The latest on tax reform

The latest on tax reform

The Legislature has completed its second full week of work, and no progress has been made on fixing either the $440 million shortfall for the coming fiscal year or the nearly $1.4 billion “fiscal cliff” the state is facing when temporary taxes expire in June of 2018.

Number of the Day

$1.5 billion - Cost to the state in FY 2019 if the sales tax rate was reduced to 2.03 percent and various exemptions were repealed. (Source: Legislative Fiscal Office analysis of HB 220)

The Legislature has completed its second full week of work, and no progress has been made on fixing either the $440 million shortfall for the coming fiscal year or the nearly $1.4 billion “fiscal cliff” the state is facing when temporary taxes expire in June of 2018. The inimitable Jim Beam of the American Press lays out the situation:

Legislators are facing four alternatives at their current fiscal session. They can raise taxes, cut spending, eliminate many of the nearly $7 billion in tax breaks they give away every year or a combination of any of those three choices. Why are there no other alternatives? Here is just a hint. The TOPS scholarship program isn’t fully funded for the second year in its proud history. Higher education institutions will lose another $17 million in the next fiscal year on top of the over $700 million they have been cut over the last decade. Failure to reform the budget and tax systems, which seems likely at this point, would mean more of the same.

The centerpiece of Gov. John Bel Edwards’ tax reform package, a proposed Commercial Activity Tax on corporations, appears to be foundering. The Legislative Fiscal Office is still calculating how much revenue could be raised from the tax, while the AP’s Melinda Deslatte reports that the administration is now saying it will take in about half as much revenue as originally forecast. Meanwhile, Nola.com/The Times-Picayune’s Julia O’Donoghue reports that the administration is looking to the Legislature for a new plan, if the CAT is shelved.

The central piece of the governor’s tax overhaul, the commercial activity tax, is expected to die Monday in a Louisiana House Ways and Means Committee meeting. “I’m hearing the same things that you’re hearing about people not embracing it completely,” said Edwards. “But I can tell you, they are not embracing anything else either.”

 

Still no plan from the House

While tax reform withers, House Republican leaders appear to be more focused on slashing the budget.
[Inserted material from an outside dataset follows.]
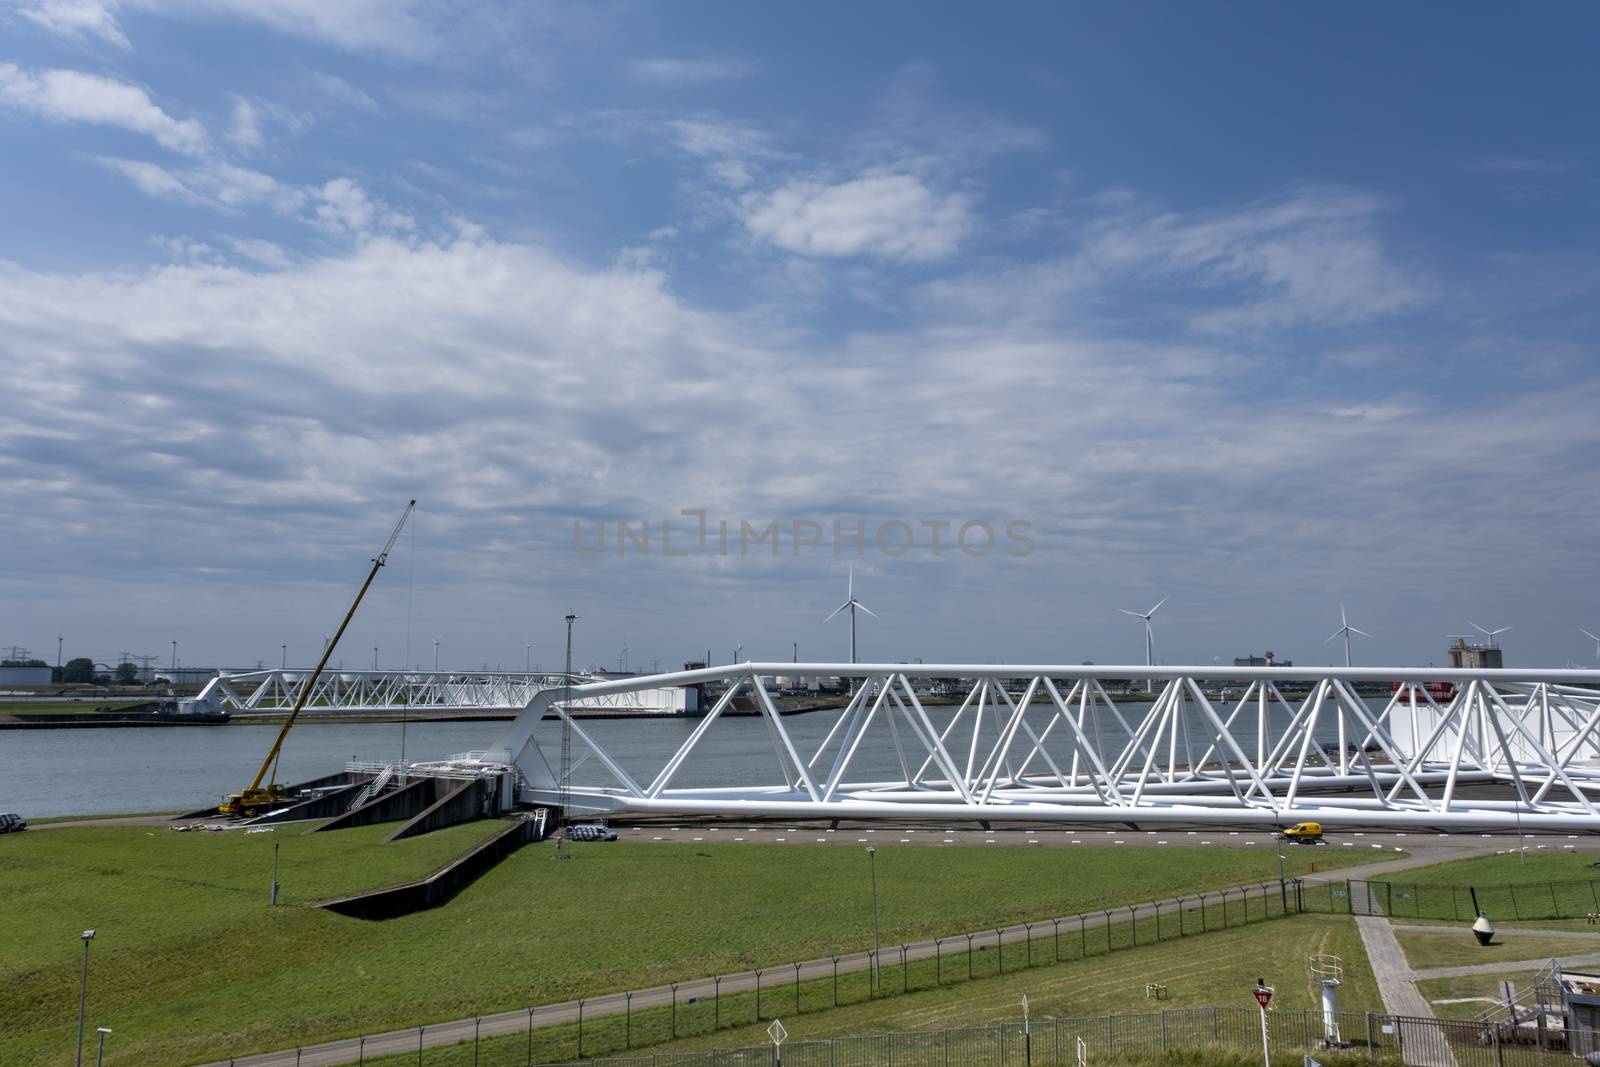 Aerial picture of Maeslantkering storm surge barrier on the Nieuwe Waterweg by Tjeerdkruse

The Advocate’s Tyler Bridges reports on a draft GOP plan that calls for about $200 million in cuts to state services beyond what Gov. John Bel Edwards has proposed, with some of that money going to TOPS scholarships:  

The plan presented privately by Republicans Thursday would fund next year’s budget at 97.4 percent of the current year’s budget as of March 1, with an extra $92 million to fully fund the TOPS scholarships and to provide funding to continue aid for programs that serve medically fragile children.

Nola.com/The Times-Picayune’s Julia O’Donoghue reports on chatter that lawmakers may try to squeeze more money out of the sales tax, which is currently the highest in the country.
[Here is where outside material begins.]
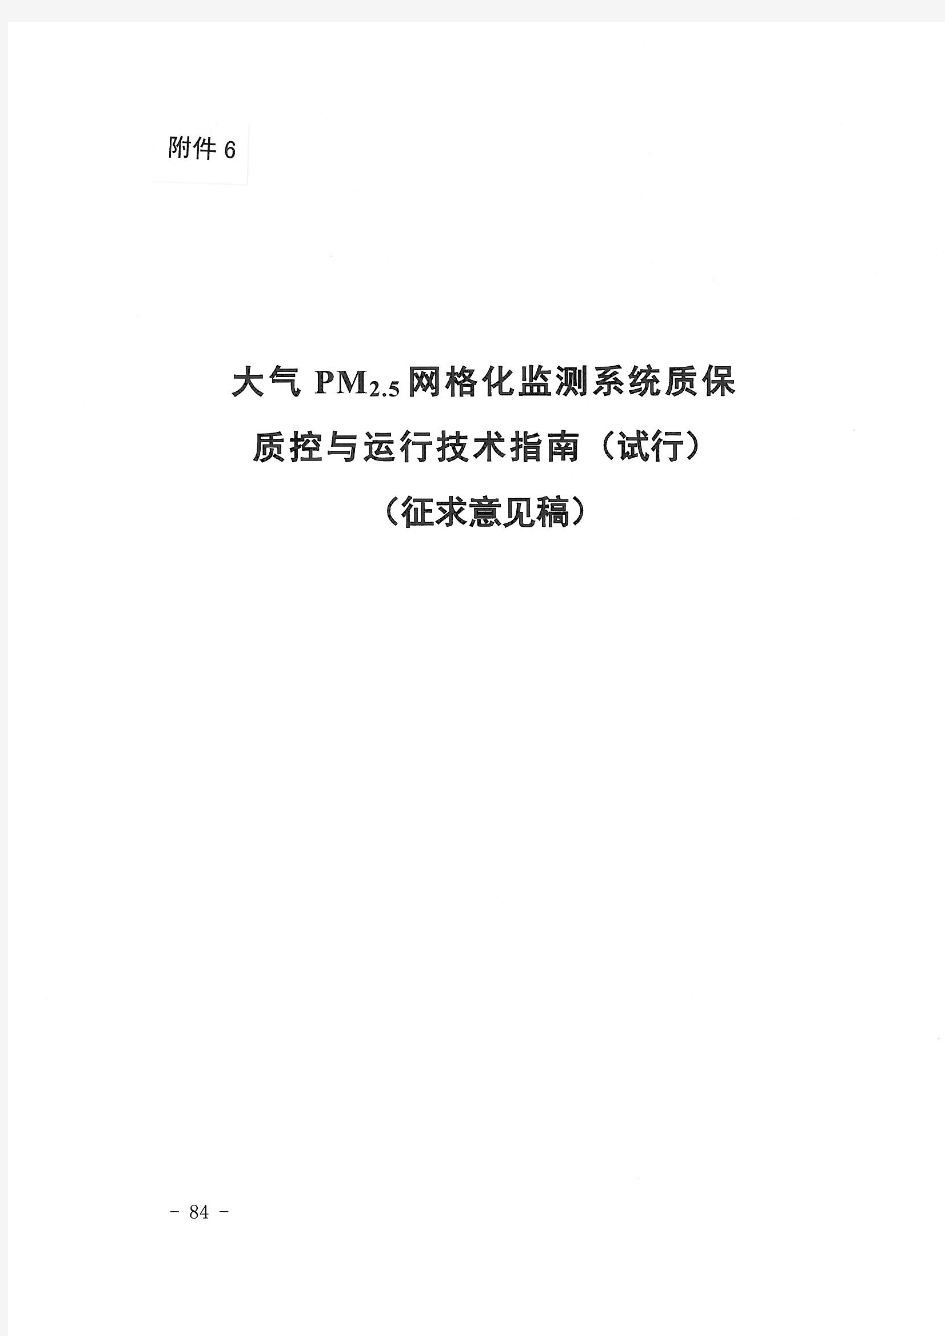 大气PM2.5网格化监测系统质保质控与运行技术指南(试行)(征求意见稿)

The only viable solution appears to be making changes to the sales tax. Lawmakers are most optimistic about expanding the base of the sales tax by applying it to new products and services such as housekeeping, accounting and video streaming accounts such as Netflix. Renewing Louisiana’s highest-in-the-country average sales tax might also be considered as a last resort, said Rep. Lance Harris of Alexandria, head of the House Republican Caucus.
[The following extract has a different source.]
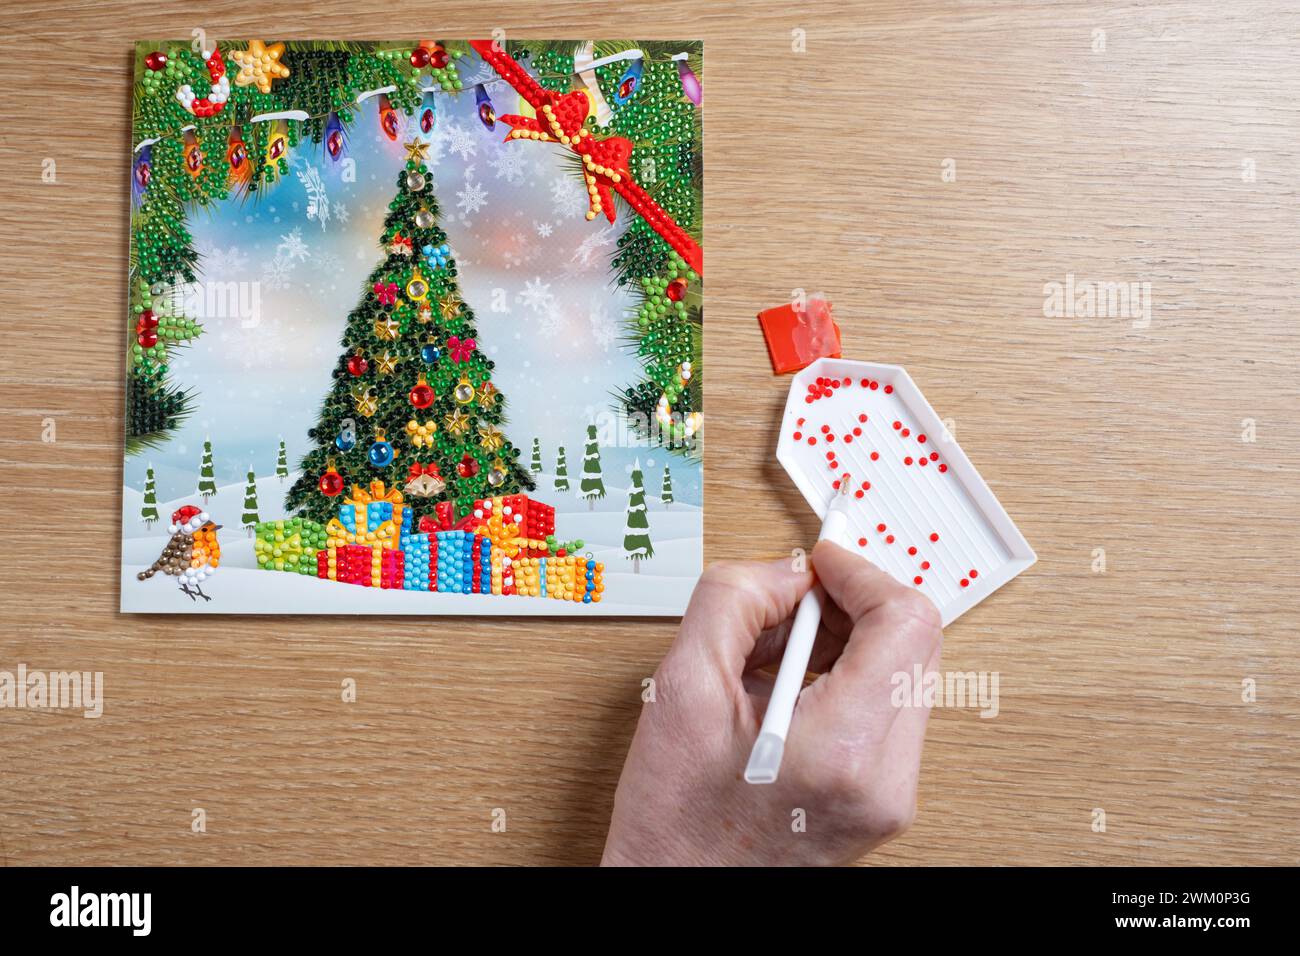 Une femme utilisant un stylo magique pour fixer de petits cristaux ou des diamants à une carte de Noël DIY. Les cristaux colorés sont collés sur une carte adhésive Banque D'Images

But would that fix the fiscal cliff? According to analysis from the Institute on Taxation and Economic Policy, removing exemptions from the permanent 4-cent state sales tax, in line with the 1-cent temporary “clean penny” sales tax base, would only generate $107 million in annual revenue. Expanding the base to services would raise an additional $216 million. While not fixing the long-term problem, making these sales tax changes would go a long way towards heading off the shortfall for the fiscal year 2018 budget.

 

Shedding an ignominious title

Advocates for criminal justice reform took to the Capitol on Thursday, making the case that there are more humane and cost-effective policies for responding to crime than locking up more people than any other jurisdiction in the world. The Advocate’s Mark Ballard has that story:

Legislators next week are expected to take up the bulk of the 10-bill package drafted from recommendations by the Louisiana Justice Reinvestment Task Force. The bipartisan effort includes measures that would lower criminal sentences, focus more on diversion rather than prison, and improve rehabilitation programs for convicts. The legislative package would reduce the state’s prison population by an estimated 13 percent over the next decade and that would save about $300 million.

The Advocate’s editorial board supports efforts that will help the state move away from being the “incarceration capital of the world.” The board explains that a lot will hinge on how sentencing for people who’ve committed violent crimes will change.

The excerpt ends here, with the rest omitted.